Unfortunately, in doing so, they weren’t quite able to lift the taboo on all of women’s healthcare. In place of the old taboo against all of women’s reproductive healthcare, there was now an above-the-belt/below-the-belt divide. When it comes to healthcare that allows women to keep their breasts, everyone from baseball players to every corporation looking to shore up its image was happy to talk about it. But anything below the belt, especially with regard to women managing their actual sex lives, remained taboo. STDs, pregnancy prevention, cervical cancer, abortion? All still considered dirty, and all still available for conservatives to demagogue about sin and sexuality. We are a country where everyone was clawing all over each other to talk about how important it is for women to get their boobs squeezed in a vise to look for cancer, but we’re also a country where a vaccine that’s been proven to prevent cancer below the belt is excoriated by prominent Republican politicians who want you to believe it gives “license” to female sexuality. 

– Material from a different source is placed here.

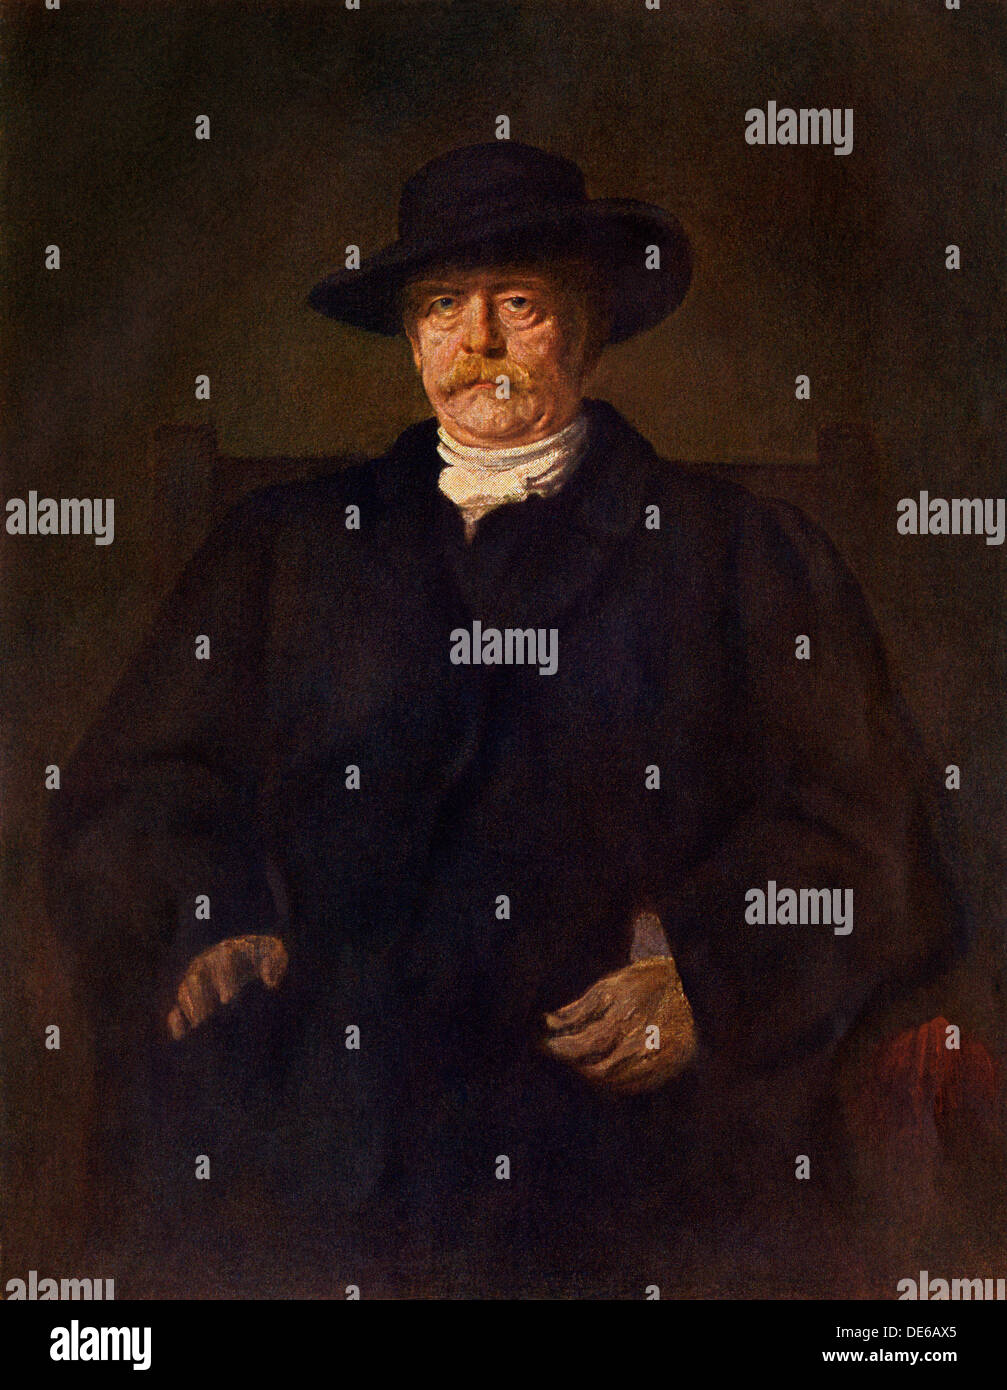 Estadista prusiano Otto von Bismarck. Litografía a color de una pintura de Franz von Lenbach Foto de stock

Anti-choice activists have been trying to exploit this divide for years now, demanding that when it comes to women’s healthcare, our bodies should be divided against themselves. Boobies are apple pie and baseball, but vaginas are subversive pits of hell, and all funding aimed at their upkeep is suspect. While the anti-choice movement has been pressuring Congress to cut federal subsidies for below-the-belt care such as contraception and STD treatment, they’ve been also pressuring Komen to distance itself from Planned Parenthood. With this decision, Komen reinforces this illogical divide between above-the-belt and below-the-belt healthcare for women. 

In a sense, it shouldn’t be surprising. As illogical as it is to offer only piecemeal support for women’s healthcare, it also fits into a larger pattern of Komen putting its corporation-friendly image before women’s actual health concerns. For instance, Komen allowed KFC to sell “pink ribbon” buckets of fried chicken, even though it was obvious that KFC was trying to distract from scientific evidence showing that a diet high in saturated fat is linked to breast cancer.